I am trying to reannotate an OTU file/rep sequences with greengenes annotations to use with PICRUST, using the vsearch cluster-features-closed-references. I keep getting the error
Fatal error: Invalid (zero) abundance annotation in FASTA file header
What might cause this error?
Hi @mbnalbright,
Could you tell us a little more about how you got to this stage?
Did you use qiime vsearch dereplicate-sequences before OTU picking? (if no, use that command first to dereplicate, then do OTU picking)
Could you possibly share your input files?
Could you please share the full error traceback? (either run your command with --verbose added to the command, or open the log filepath given along with the error you reported)

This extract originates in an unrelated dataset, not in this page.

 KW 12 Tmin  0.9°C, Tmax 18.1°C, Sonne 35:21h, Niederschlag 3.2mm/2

With a little more info, we can help troubleshoot!
Reading file /tmp/qiime2-archive-4rbmg1by/8f0d60d6-00c8-4a2c-ab1a-788746d54125/data/dna-sequences.fasta 100%
142290491 nt in 99322 seqs, min 1254, max 2353, avg 1433
Masking 100%
Counting k-mers 100%
Creating k-mer index 100%
Searching
Fatal error: Invalid (zero) abundance annotation in FASTA file header
Traceback (most recent call last):
File "/home/malbright/anaconda3/envs/qiime2-2018.2/lib/python3.5/site-packages/q2cli/commands.py", line 246, in call
results = action(**arguments)
File "", line 2, in cluster_features_closed_reference
File "/home/malbright/anaconda3/envs/qiime2-2018.2/lib/python3.5/site-packages/qiime2/sdk/action.py", line 228, in bound_callable
output_types, provenance)
File "/home/malbright/anaconda3/envs/qiime2-2018.2/lib/python3.5/site-packages/qiime2/sdk/action.py", line 363, in callable_executor
output_views = self._callable(**view_args)

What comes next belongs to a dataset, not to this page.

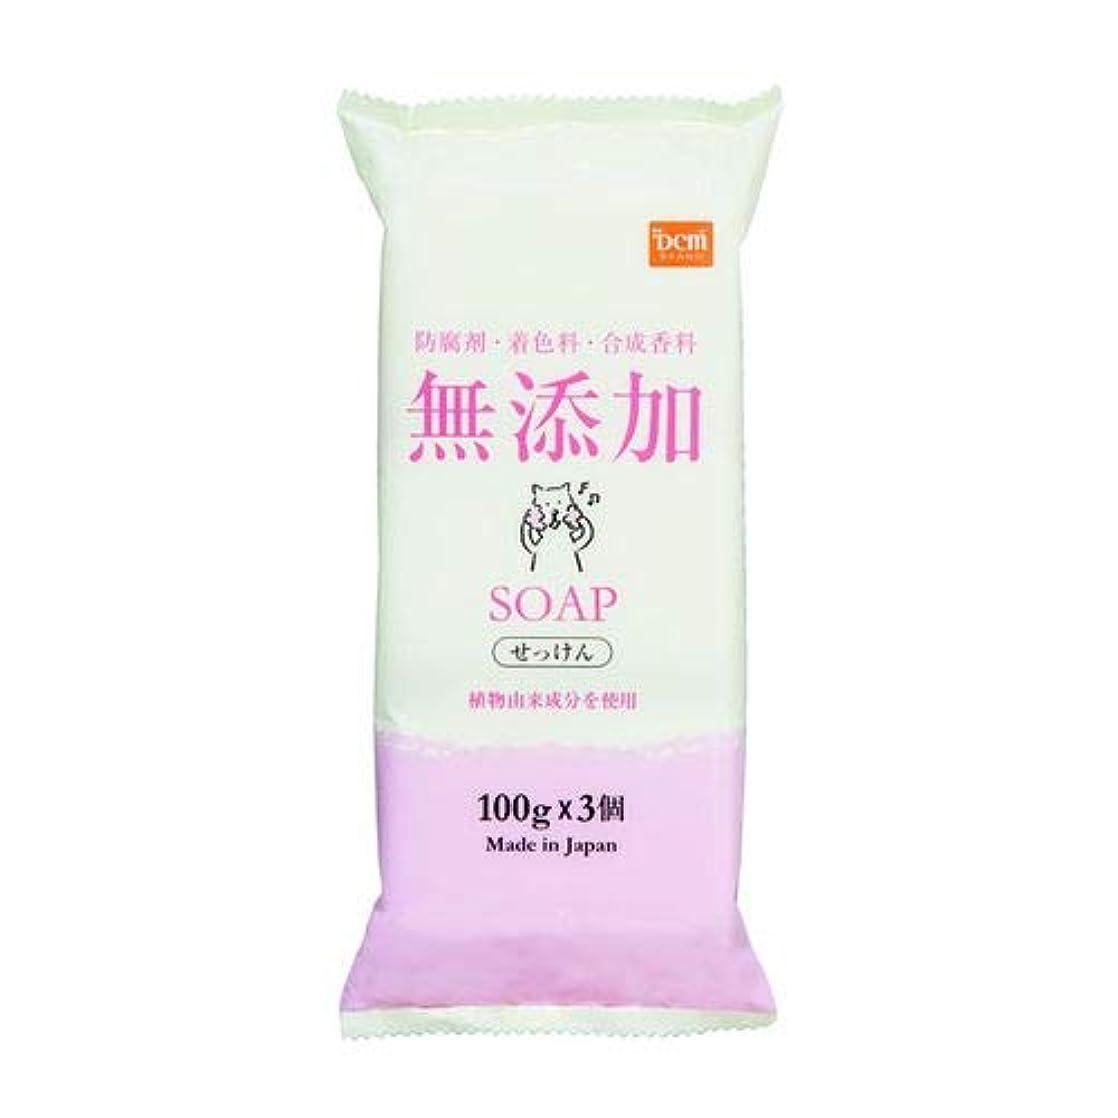 無添加固形石鹸 100g×3

File "/home/malbright/anaconda3/envs/qiime2-2018.2/lib/python3.5/site-packages/q2_vsearch/_cluster_features.py", line 256, in cluster_features_closed_reference
run_command(cmd)
File "/home/malbright/anaconda3/envs/qiime2-2018.2/lib/python3.5/site-packages/q2_vsearch/_cluster_features.py", line 33, in run_command
subprocess.run(cmd, check=True)
File "/home/malbright/anaconda3/envs/qiime2-2018.2/lib/python3.5/subprocess.py", line 398, in run
output=stdout, stderr=stderr)
subprocess.CalledProcessError: Command '['vsearch', '--usearch_global', '/tmp/tmpdlo96307', '--id', '0.3', '--db', '/tmp/qiime2-archive-4rbmg1by/8f0d60d6-00c8-4a2c-ab1a-788746d54125/data/dna-sequences.fasta', '--uc', '/tmp/tmp6ld5fb6x', '--strand', 'plus', '--qmask', 'none', '--notmatched', '/tmp/tmpltx9moo9', '--threads', '0']' returned non-zero exit status 1
Could you try using qiime vsearch dereplicate-sequences before OTU picking?

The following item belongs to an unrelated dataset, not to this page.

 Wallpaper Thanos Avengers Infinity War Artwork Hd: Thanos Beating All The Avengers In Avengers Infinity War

It looks like this error is coming from vsearch, not QIIME 2 — my understanding is that these abundance annotations are a part of the expected format for OTU picking in vsearch. From the manual:
input fasta file should present abundance annotations (i.e. a pattern [;]size=integer[;]
in the fasta header).
This abundance annotation will be written in during dereplication — so it looks like that will still need to be done here, even though you are re-clustering a pre-clustered table/sequences.